* [Supplied information]:
——

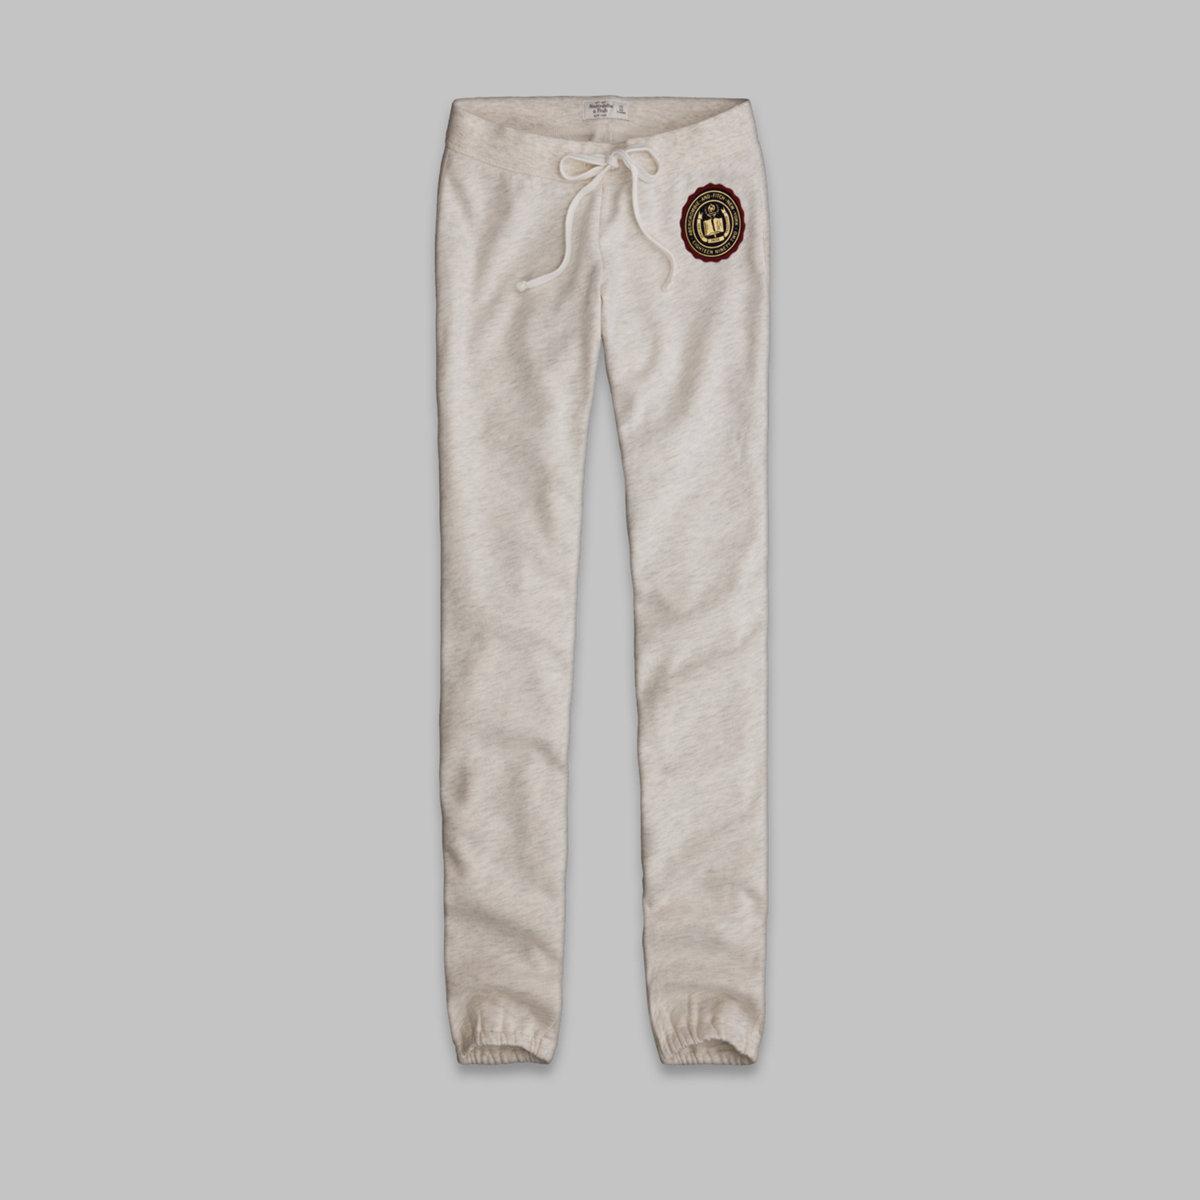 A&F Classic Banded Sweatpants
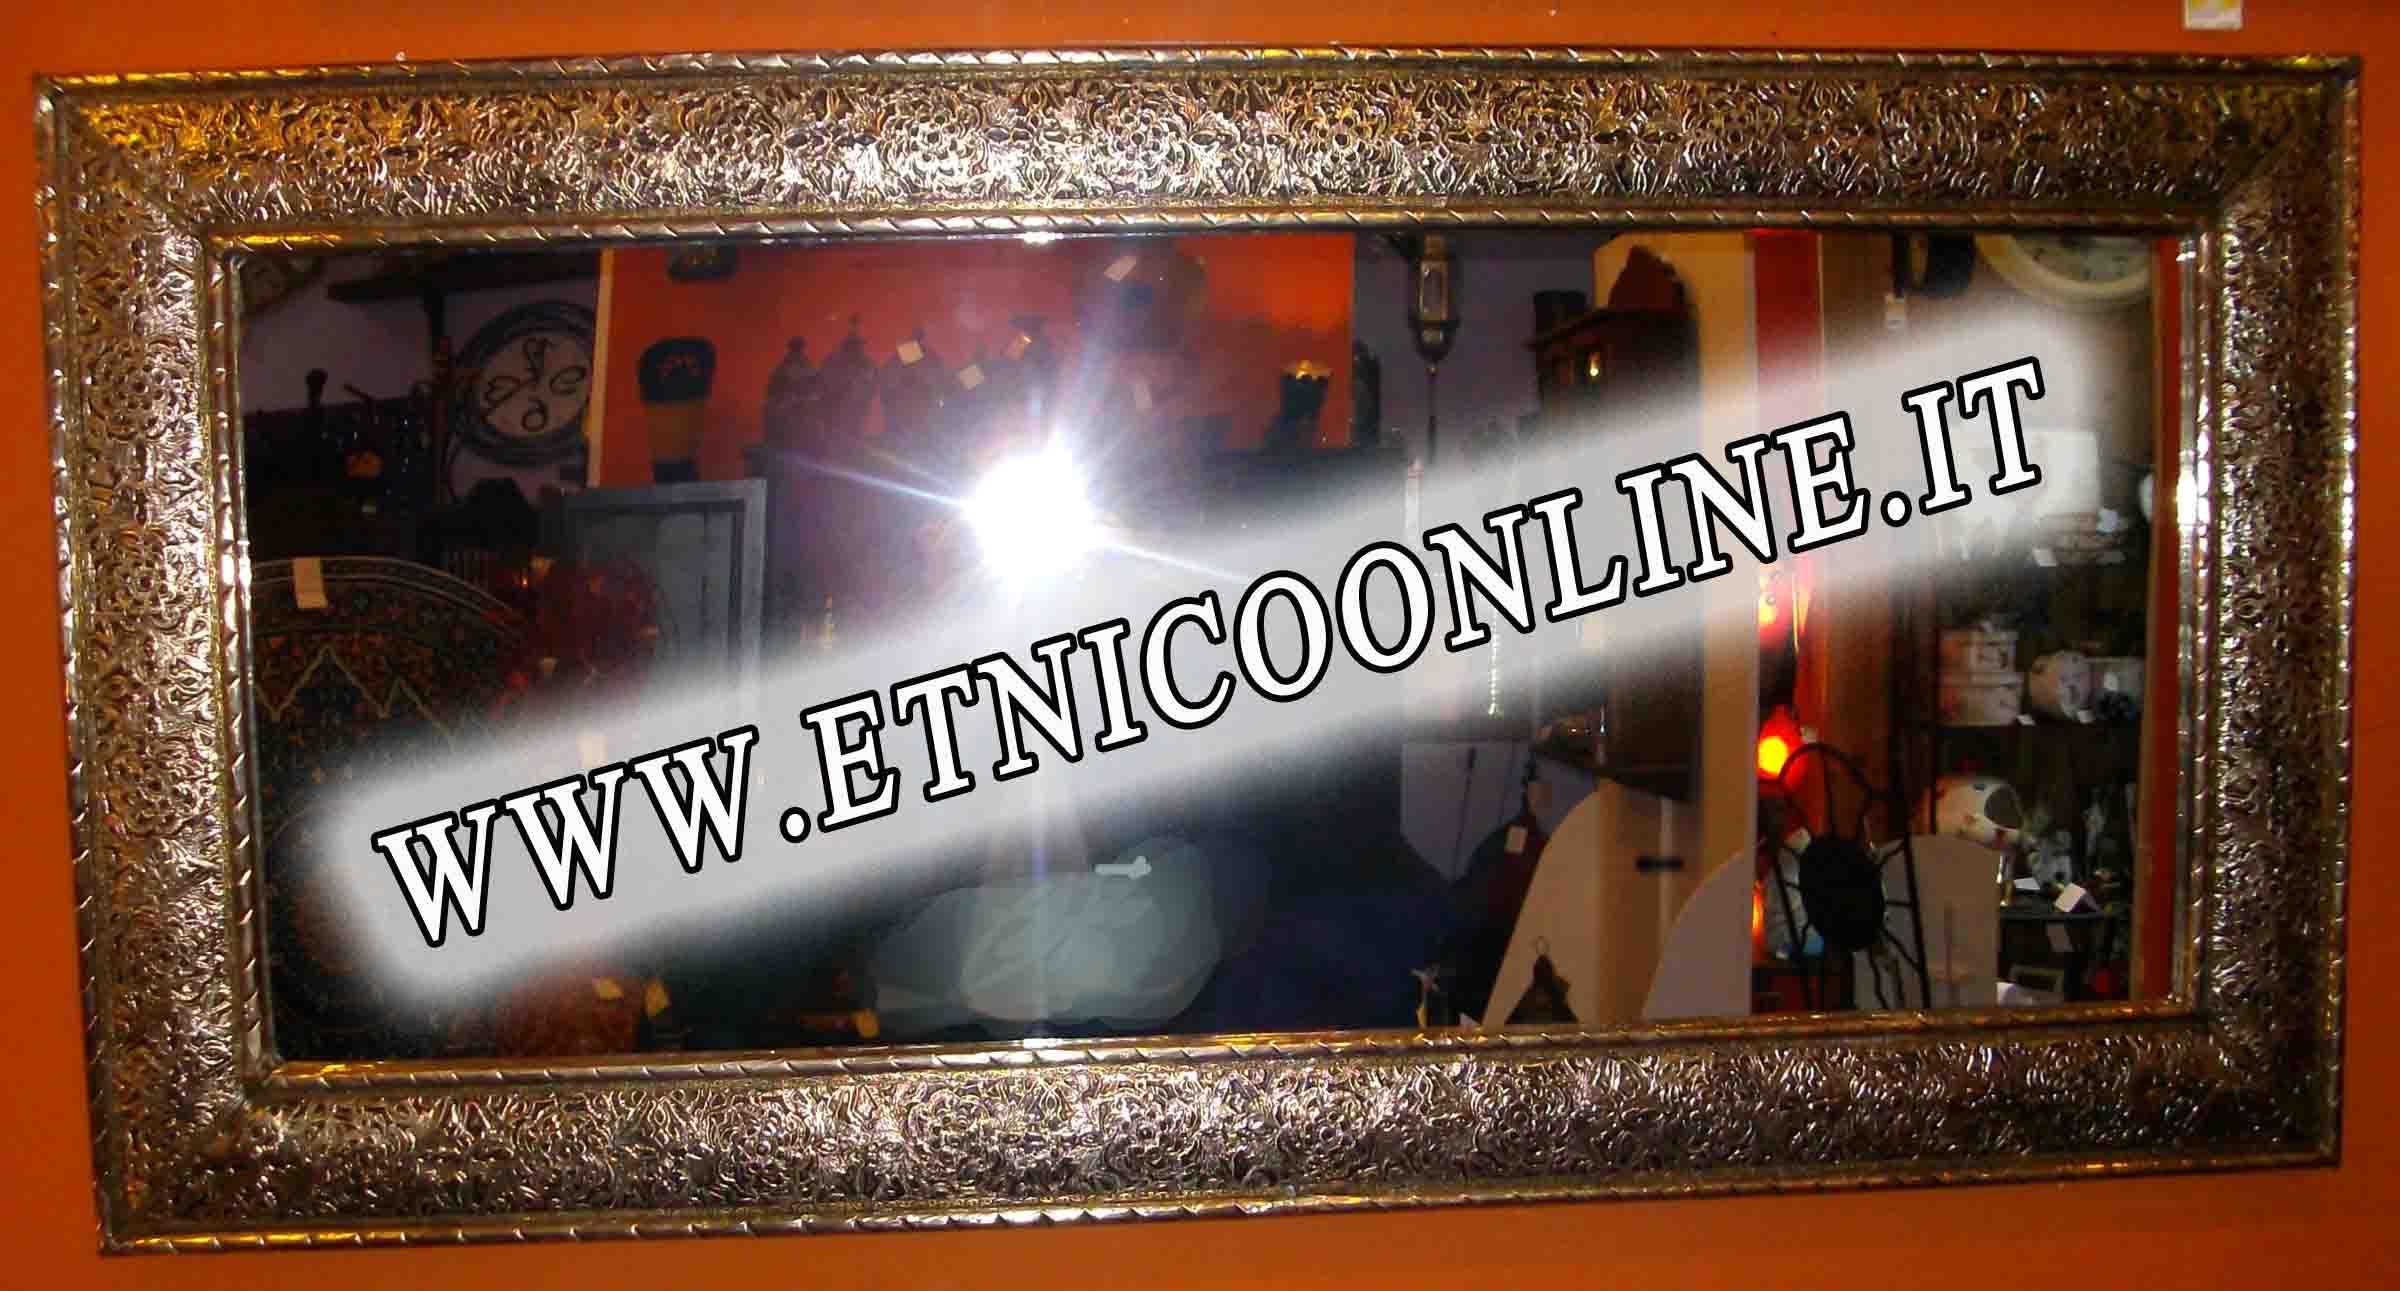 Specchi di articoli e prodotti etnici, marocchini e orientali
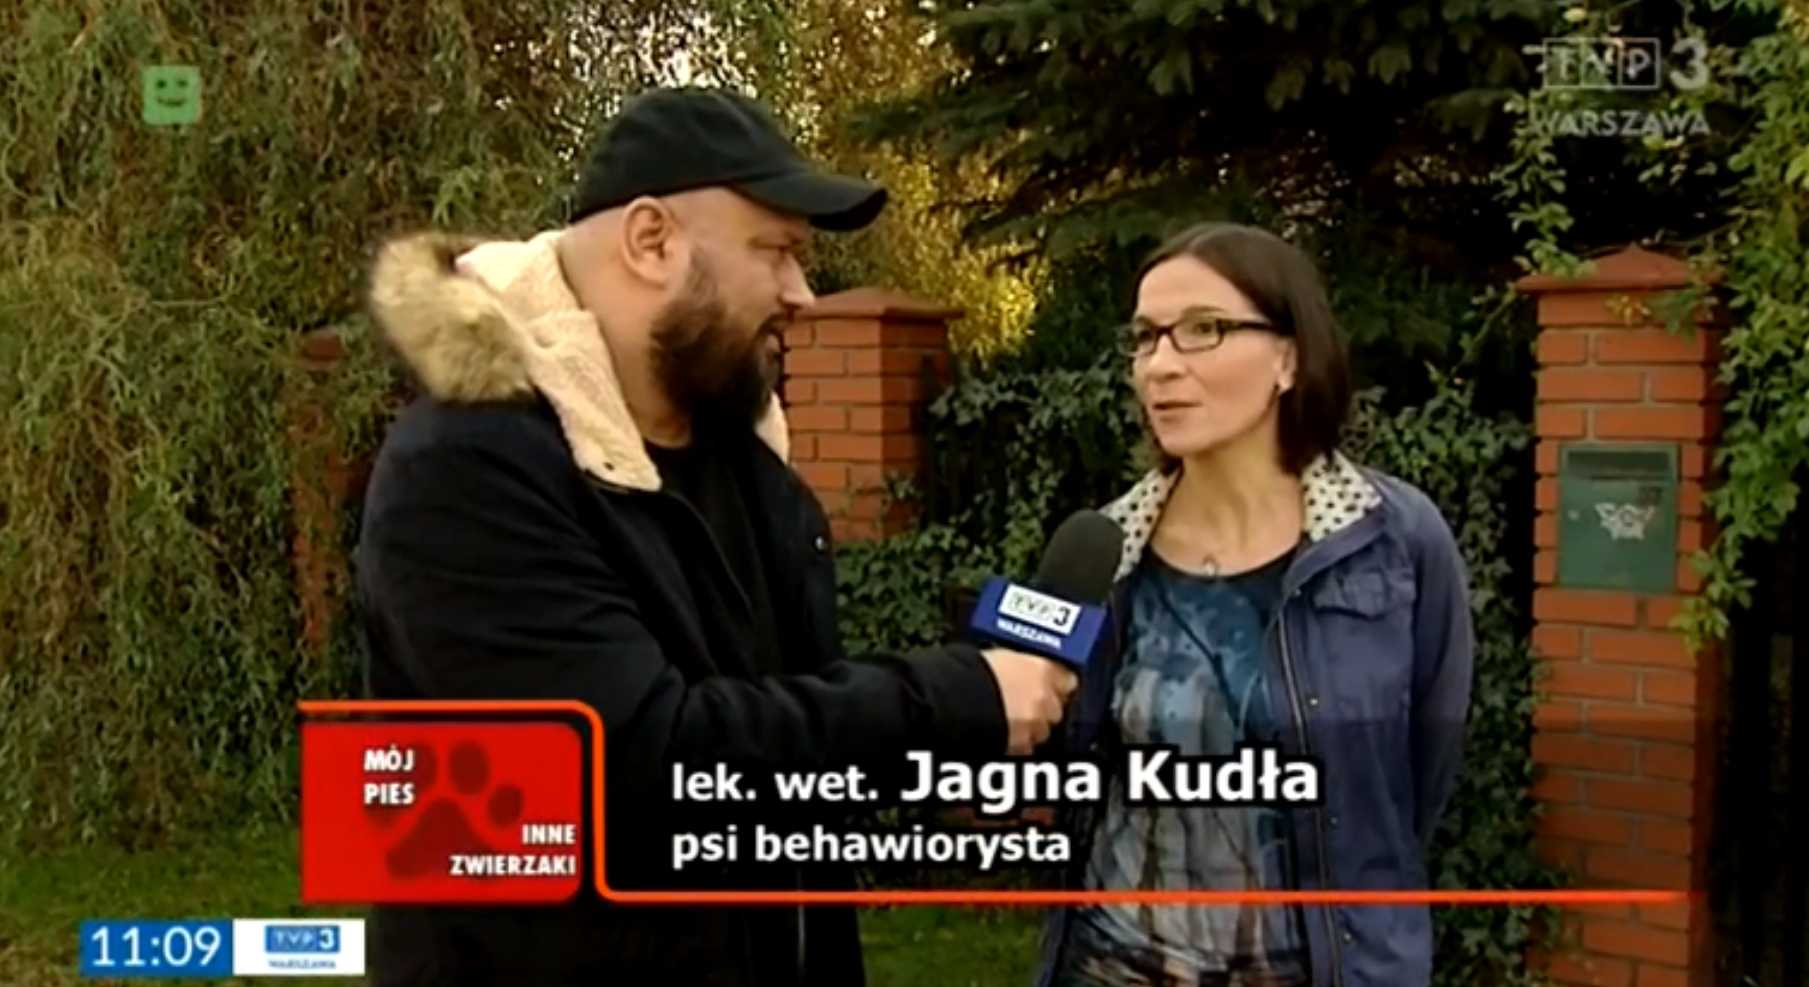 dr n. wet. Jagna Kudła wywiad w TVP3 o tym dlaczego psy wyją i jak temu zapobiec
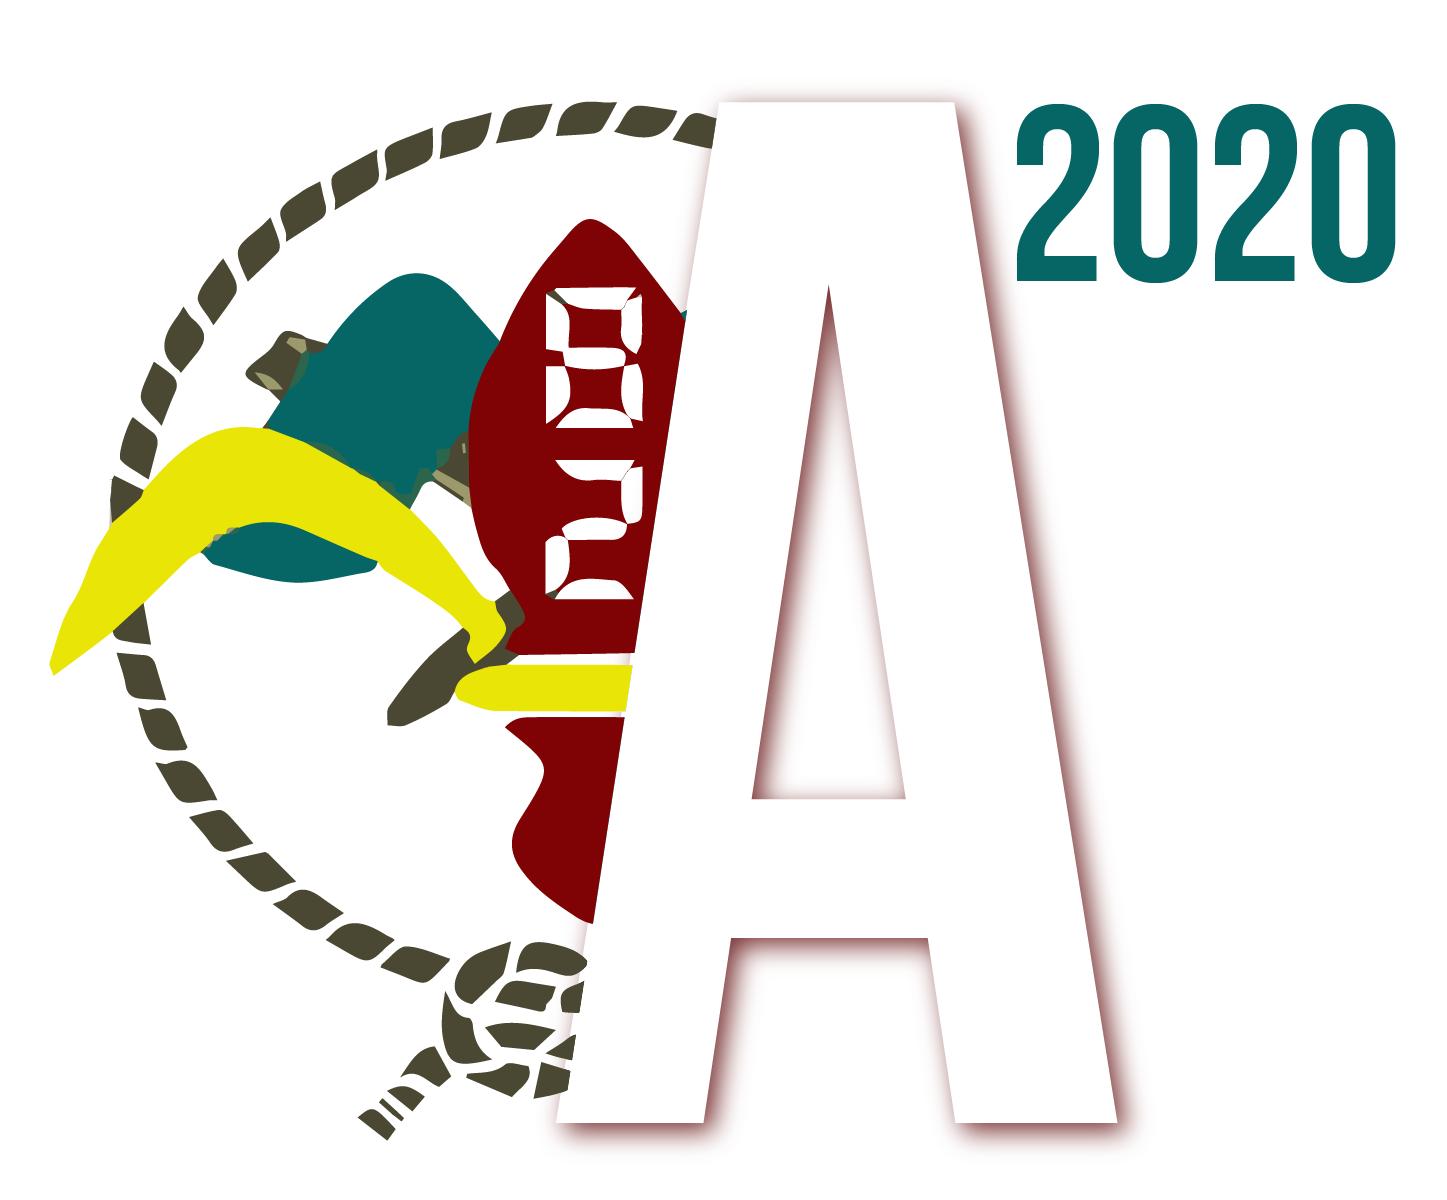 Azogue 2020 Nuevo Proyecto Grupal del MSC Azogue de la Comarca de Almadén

——

* [Prompt]: Reproduce the listing verbatim, pictures excluded.

* [Answer space]:
 A&F Classic Banded Sweatpants
 Specchi di articoli e prodotti etnici, marocchini e orientali
 dr n. wet. Jagna Kudła wywiad w TVP3 o tym dlaczego psy wyją i jak temu zapobiec
 Azogue 2020 Nuevo Proyecto Grupal del MSC Azogue de la Comarca de Almadén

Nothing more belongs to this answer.